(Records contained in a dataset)
=== Section Start ===
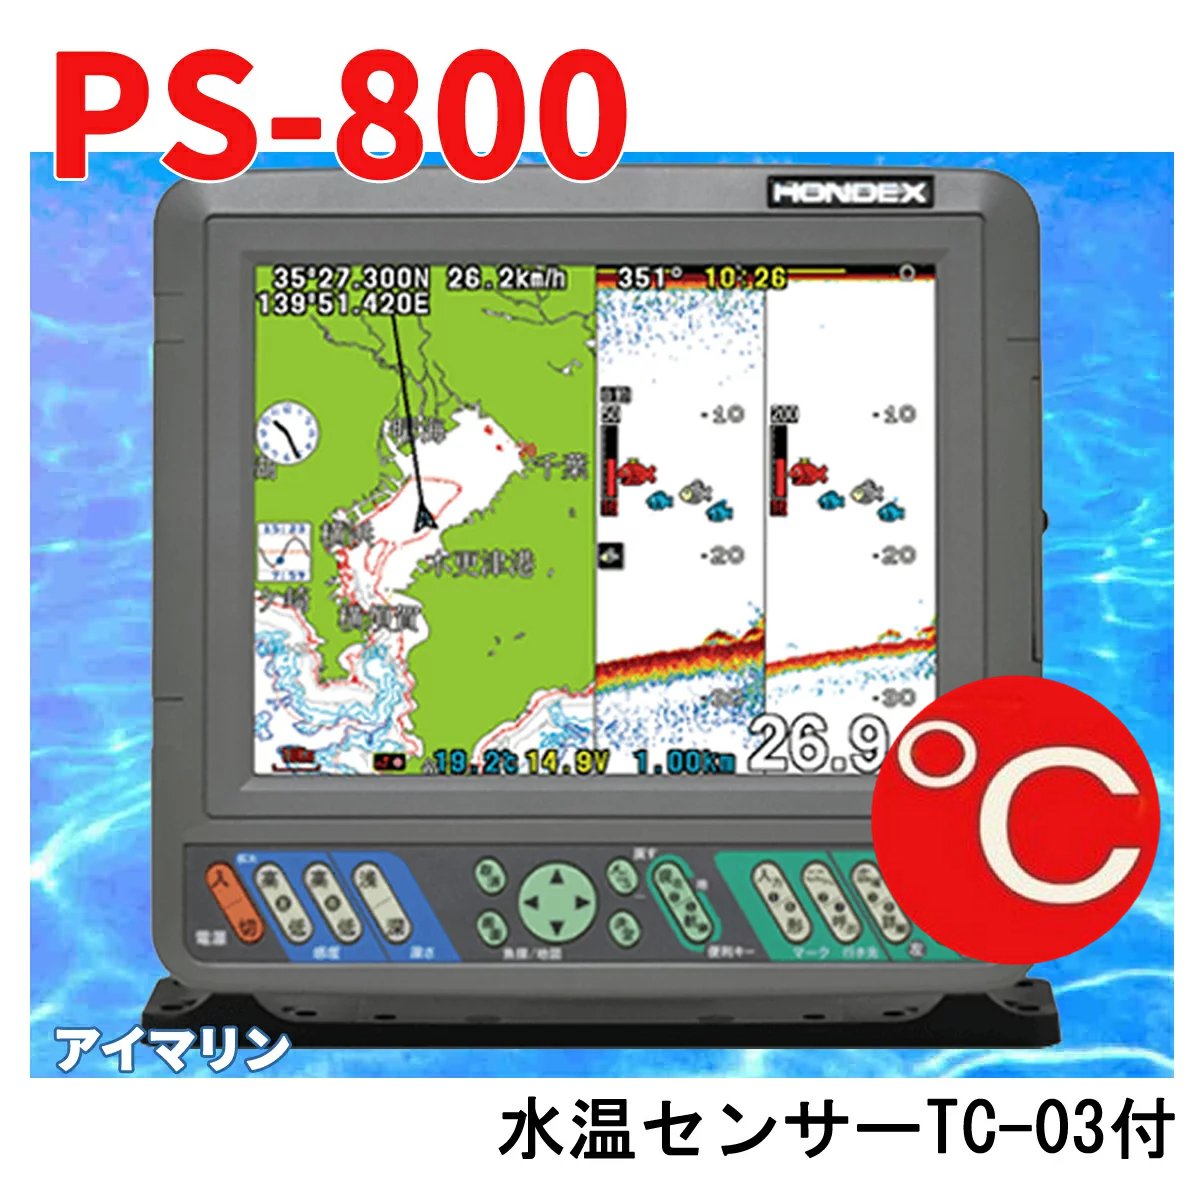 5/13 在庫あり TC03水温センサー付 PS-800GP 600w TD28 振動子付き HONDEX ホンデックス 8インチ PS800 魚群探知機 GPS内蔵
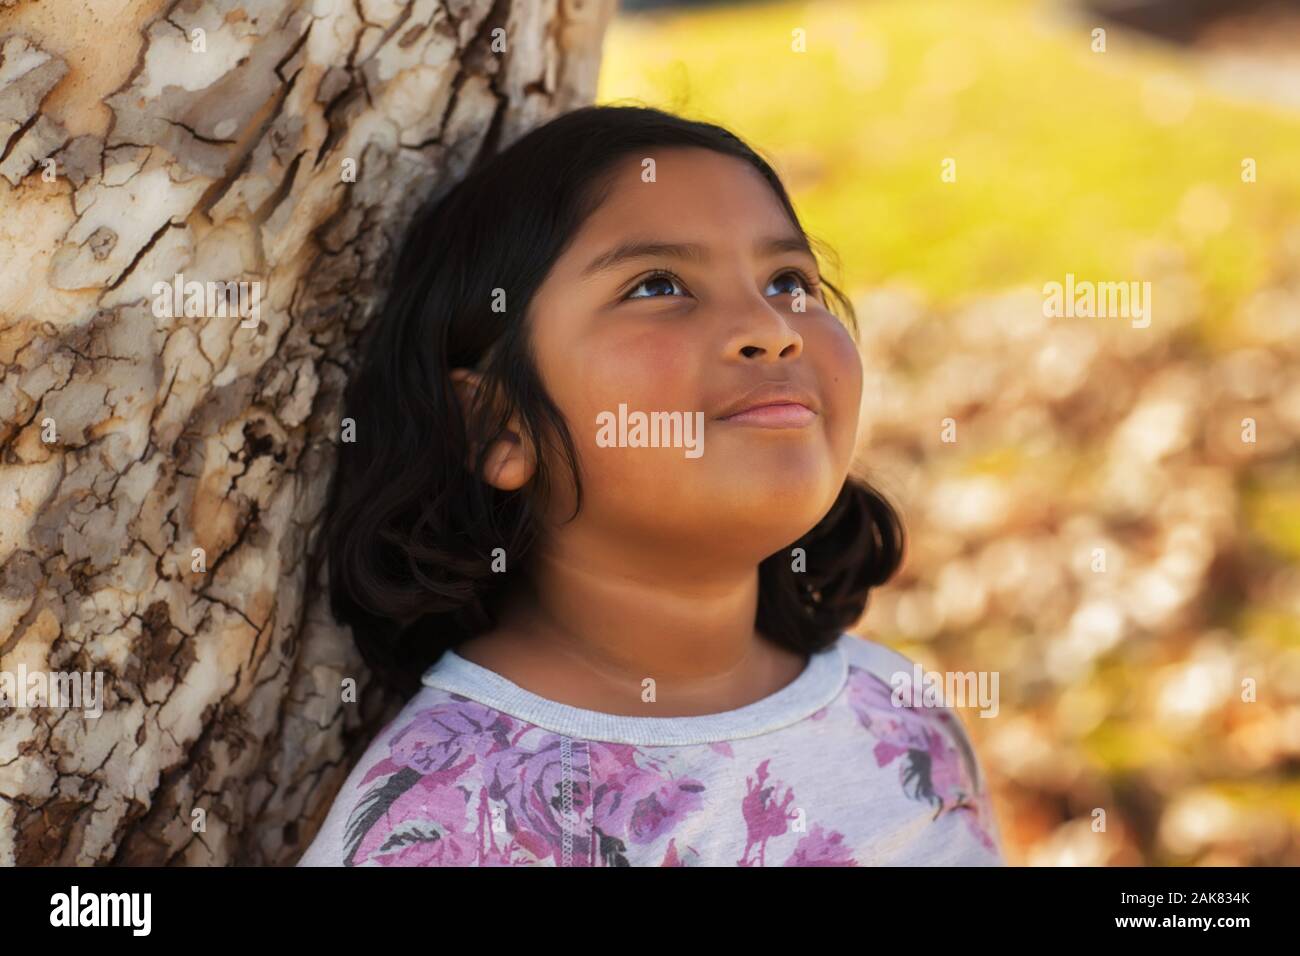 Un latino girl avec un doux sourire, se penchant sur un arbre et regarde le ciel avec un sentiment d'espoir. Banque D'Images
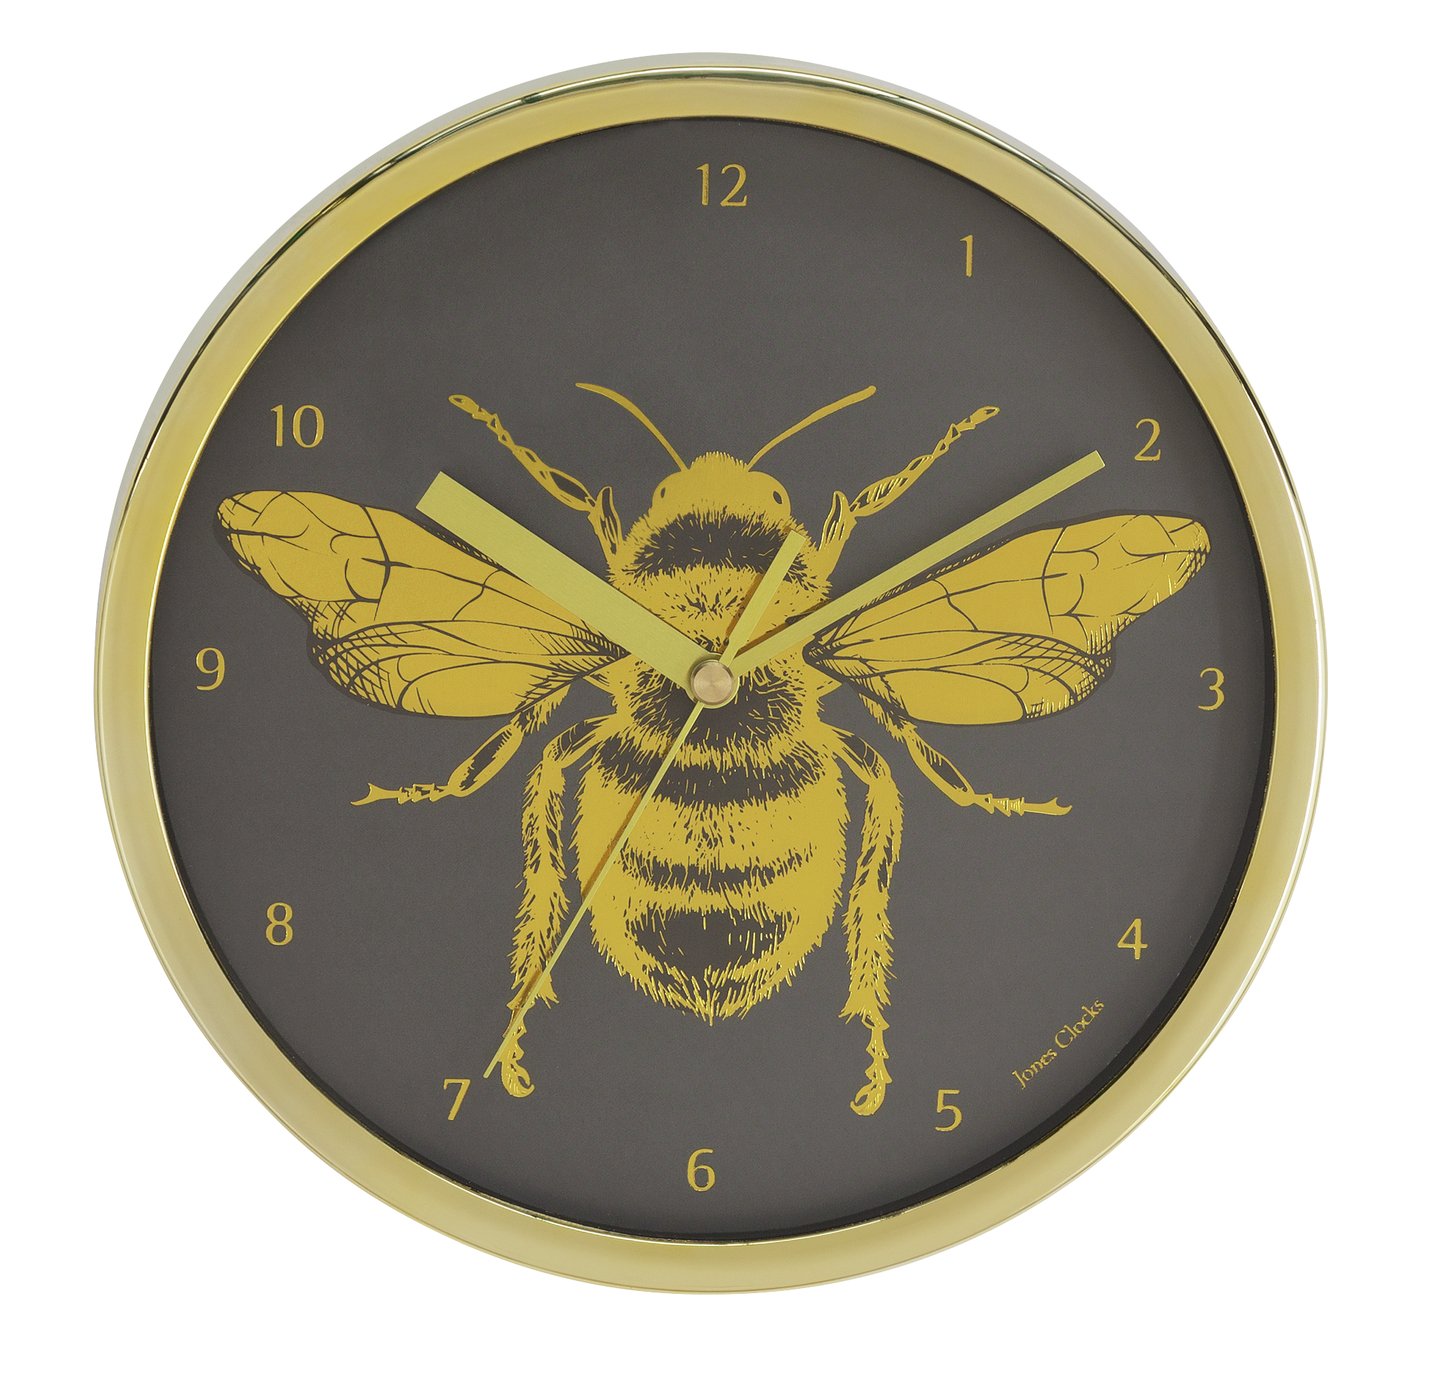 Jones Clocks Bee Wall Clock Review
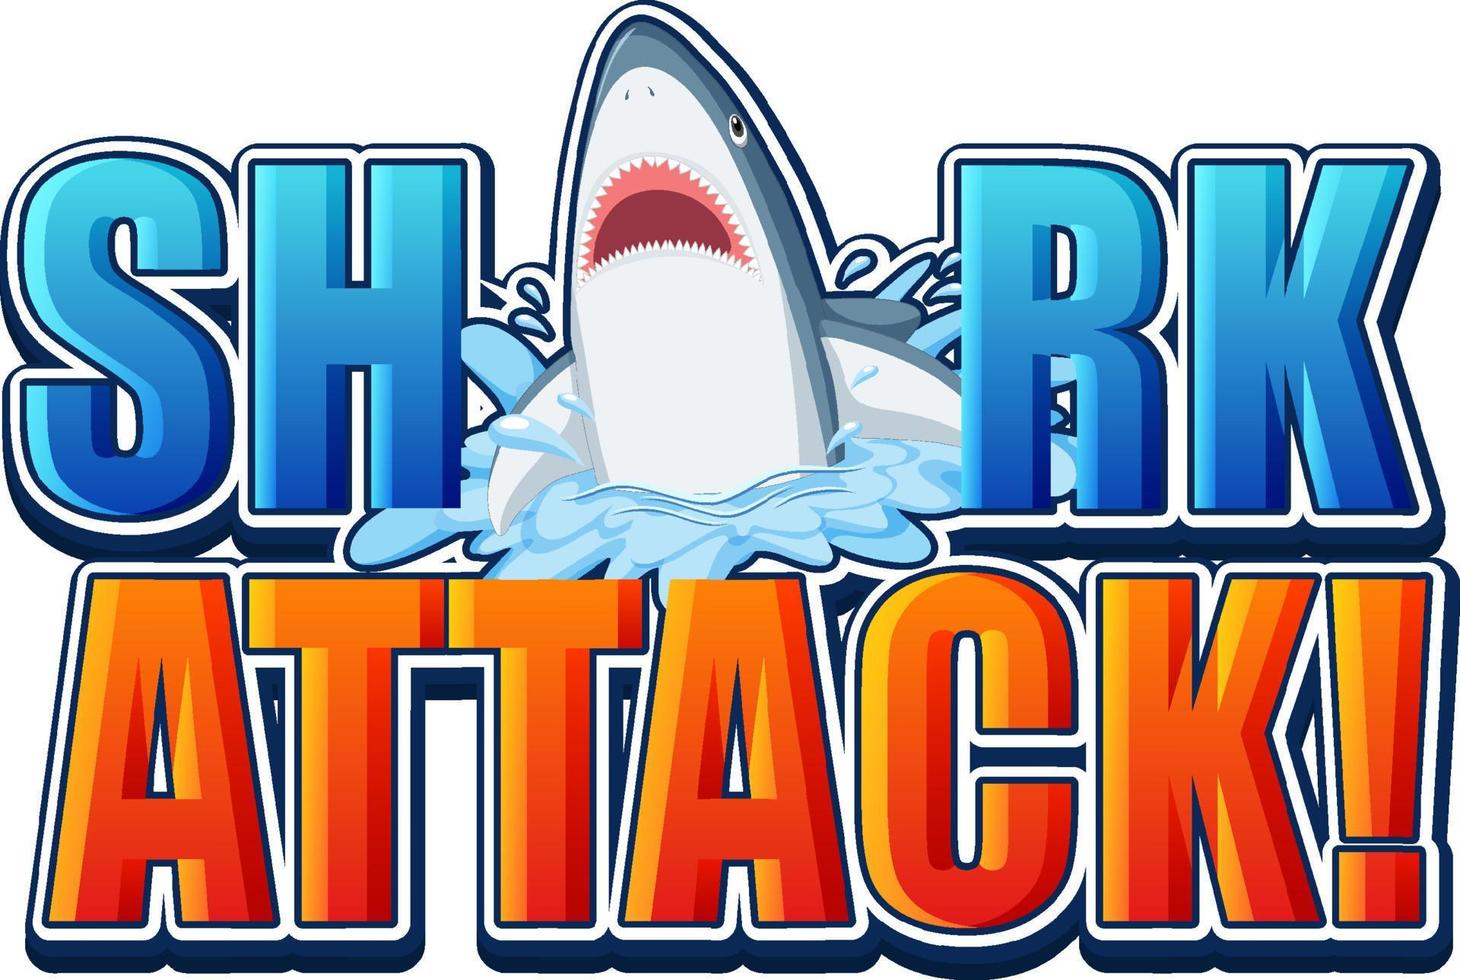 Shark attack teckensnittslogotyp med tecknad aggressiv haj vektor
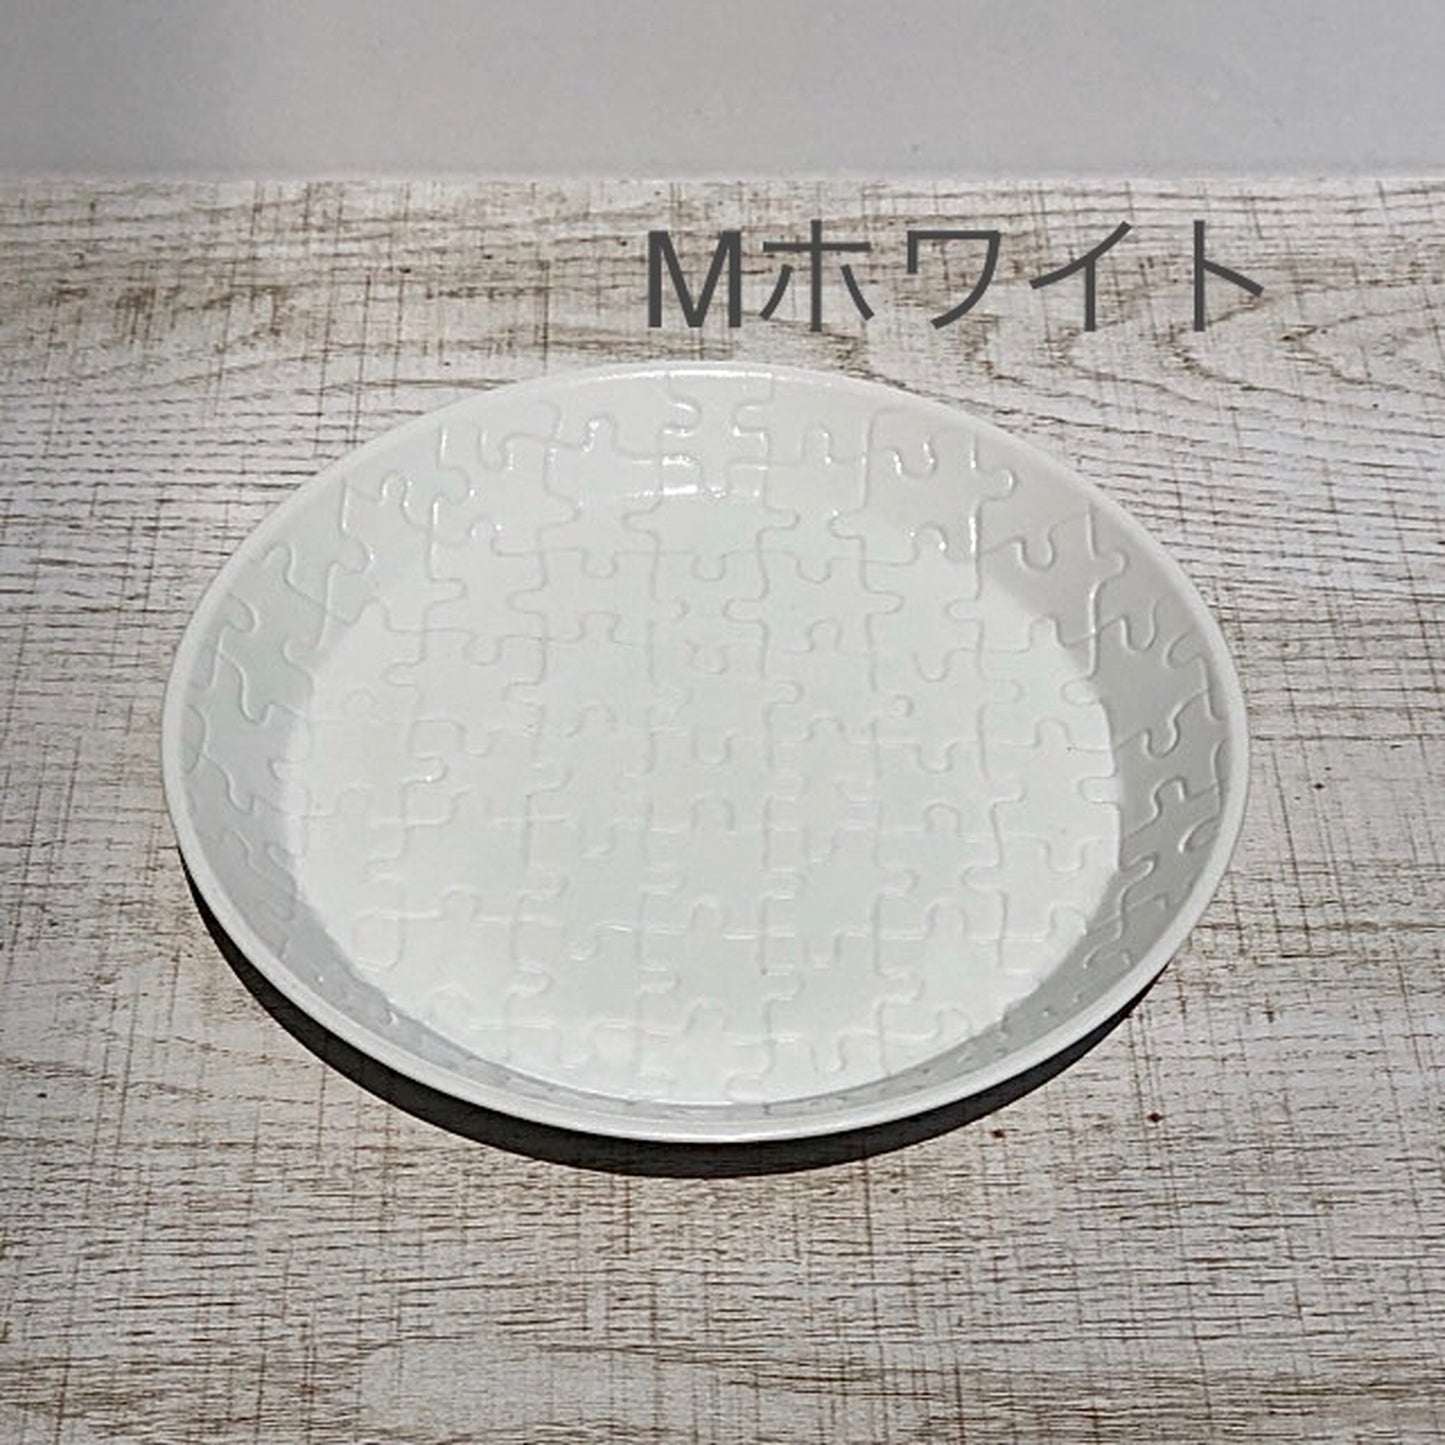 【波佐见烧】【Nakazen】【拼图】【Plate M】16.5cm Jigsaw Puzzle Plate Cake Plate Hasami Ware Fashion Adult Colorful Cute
=== Section End ===
Hand back the data above exactly, with no images.

- Solution for this problem:
 5/13 在庫あり TC03水温センサー付 PS-800GP 600w TD28 振動子付き HONDEX ホンデックス 8インチ PS800 魚群探知機 GPS内蔵
 Un latino girl avec un doux sourire, se penchant sur un arbre et regarde le ciel avec un sentiment d'espoir. Banque D'Images
 Jones Clocks Bee Wall Clock Review
 Shark attack teckensnittslogotyp med tecknad aggressiv haj vektor
 【波佐见烧】【Nakazen】【拼图】【Plate M】16.5cm Jigsaw Puzzle Plate Cake Plate Hasami Ware Fashion Adult Colorful Cute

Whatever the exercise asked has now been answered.